She is of course correct: it is easier to find scantily clad people on Google than on Baidu, though this is due to the efficiency of Google’s search algorithms vis-a-vis Baidu, not simply because it’s foreign, and all foreigners are smutty (though that’s a fairly prevalent meme as well).
I often struggle with making interesting, lasting friendships with ‘locals,’ who I (intolerantly) define as Chinese nationals who don’t speak English and and have no strong interest to learn about global affairs. Were I able to do so effectively, it would be possible to gather more information on a broader range of perspectives.
As a result, expats living here often suffer from a ‘foreign-friendly-exposure’ bias, even if the interactions are conducted in Mandarin, for the simple reason that people are interested in talking to us are much more likely to be politically liberal. The only instances of lasting relationships with a ‘genuine local’ I know of are where people are able to substitute very specific interests (like making out) in place of the cultural gap. Sort of depressing that there seems to be no middle ground.

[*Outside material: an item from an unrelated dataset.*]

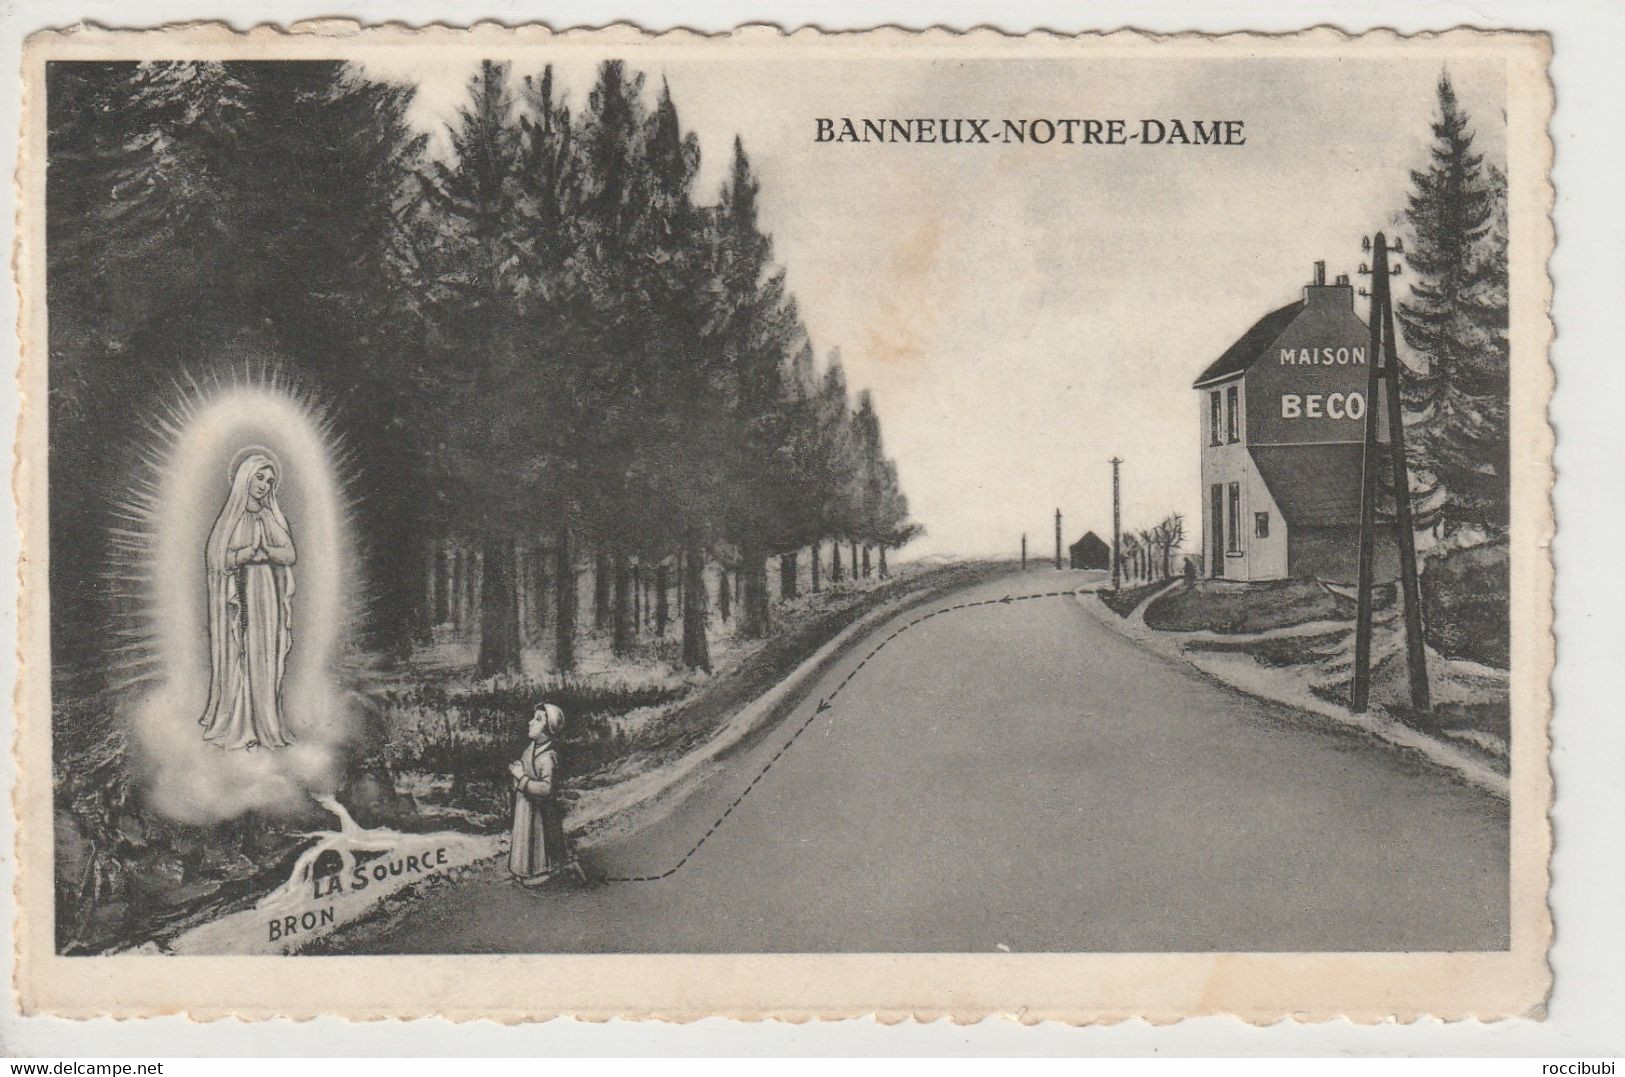 Banneux-Notre-Dame, Sprimont, Lüttich, Belgien - Sprimont

Oh how it tickles to shop for private health insurance. Nationalize me, will you?! What I’m finding is that: comprehensive health coverage is very affordable for young expats. Most of the plans I’ve examined feature no co-pay at all for outpatient or emergency procedures, and even cover acupuncture and moxibustion at elite Chinese medicine clinics. These are available through most major multinational insurers and allow one to go to international-level hospitals anywhere in the world (outside of the US), and run about USD1,300-1,800 per year, which is certainly less than 17% of income. If the plan includes US coverage, it goes up by about 60%. These plans do not provide coverage for procedures relating to pre-existing conditions for a 24-month moratorium.
Americans are a rather unhealthy people, which might be one of the reasons why we spend 17% of income on healthcare. Yet here I am, an unhealthy American, outside of the US, and actuarial giants such as AXA, AIG, and Ping’an are telling me (through a price mechanism) that I’m going to pay much less purely by the fact that I’m not in the US.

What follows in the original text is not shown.